Fig. 3A schematic diagram showing the NEP-dependent therapeutic strategy for COVID-19. Following binding of SARS-coV-2 virus to ACE-2 receptor on the cell membrane surface, lung may show pulmonary neuroendocrine cells hyperplasia with infiltration of several inflammatory cells. The hyperplasia may produce excessive Gastrin-releasing peptide into the surrounding airway parenchyma to stimulate Gastrin-releasing peptide receptor on the surface of macrophages, which in turn, will enhance release of inflammatory mediators such as (IL-1β, IL-6, TNF-α, GM-CSF and MCP-1) contributing to neutrophils recruitment. Neprilysin may degrade the produced gastrin-releasing peptide inhibiting subsequent release of inflammatory cytokines. At the same time, neprilysin may also cleave the chemotactic peptide Formyl Methionyl-Leucyl-Proline; by which neutrophils are efficiently migrated; altering their chemotactic responsiveness and recruitment.
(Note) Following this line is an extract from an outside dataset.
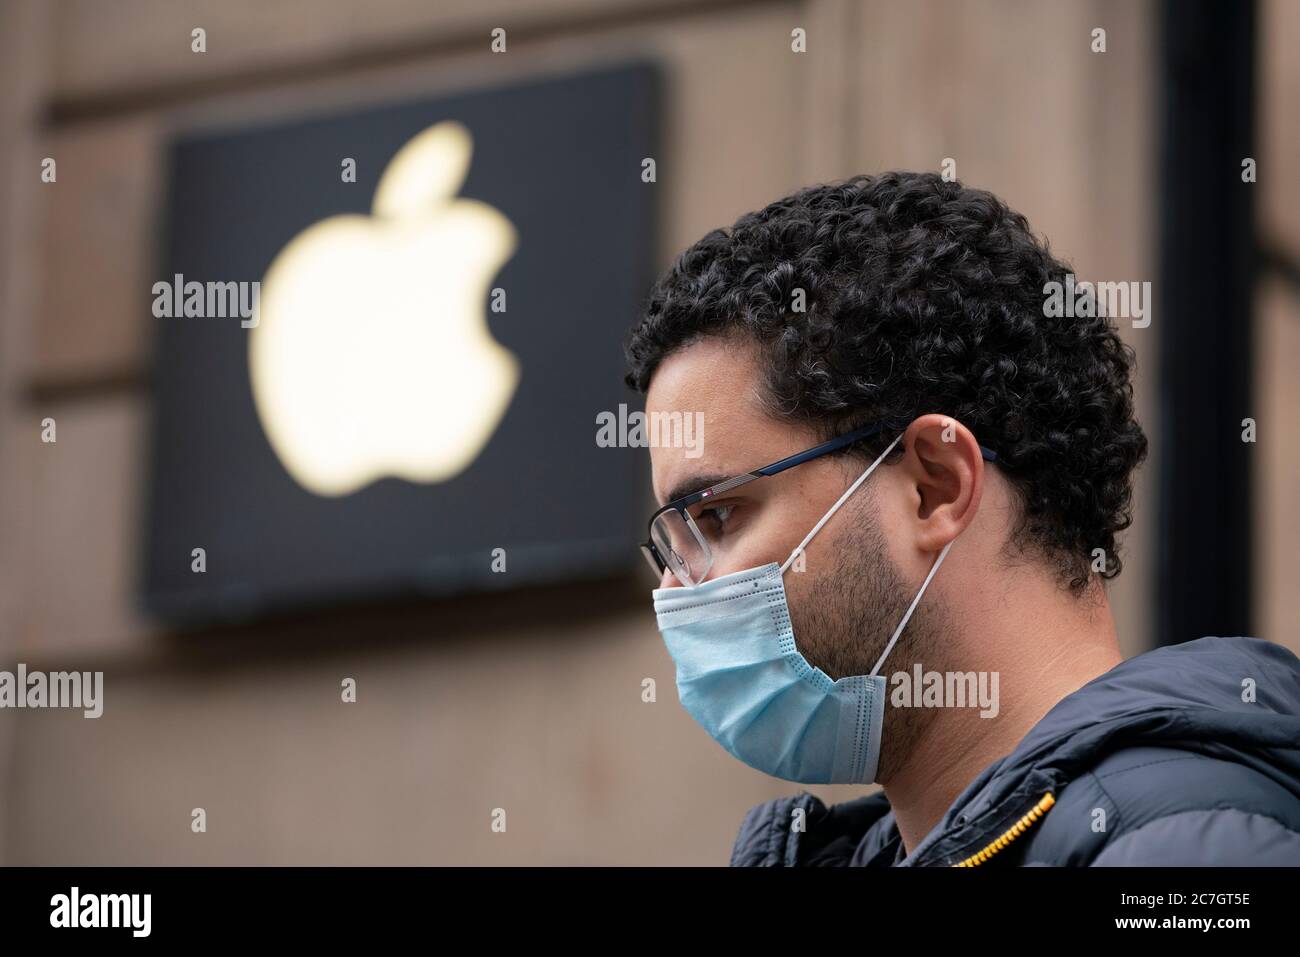 Glasgow, Scotland, UK. 17 July, 2020.  Images from Glasgow city centre as covid-19 restrictions are relaxed and  the public are out and about shopping and at work. Pictured; Man wearing facemark waiting in queue outside Apple shop. Iain Masterton/Alamy Live News Stock Photo

NEP may withstand the potent cytokine storm, through :(i) minimizing Angiotensin II via preventing the proteolytic cleavage of angiotensinogen and Angiotensin Ⅰ into Angiotensin Ⅱ by neutrophil-derived Cathepsin G and via regenerating the synthesis of endogenous Angiotensin (1–7) that by itself may protect against pulmonary fibrosis through reducing TGF-β1 expression, (ii) breaking bradykinins, blocking its action on its receptors on mast cell, inhibiting release of inflammatory cells and thereby, fibroblasts activation that may participate in the development of lung fibrosis, (iii) degrading endothelin-1 and consequently, inhibiting TGF-β1 release and (iv) stabilizing Ang II-induced endothelial dysfunction as well as suppressing platelet activation and aggregation that initiate blood clot formation. ACE-2 = Angiotensin-converting enzyme 2; Ang I = Angiotensin I; Ang II = Angiotensin II; Ang (1–7) = Angiotensin (1–7); AT-1 = Angiotensin II type 1 receptor; BKs = Bradykinins; ET-1 = Endothelin-1; fMLP = Formyl Methionyl-Leucyl-Proline; GRP = Gastrin-releasing peptide; GRPR = Gastrin-releasing peptide receptor; MasR = Mas receptor; NEP = Neprilysin; PNECs = Pulmonary neuroendocrine cells; SARS-CoV-2 = Severe acute respiratory syndrome coronavirus-2.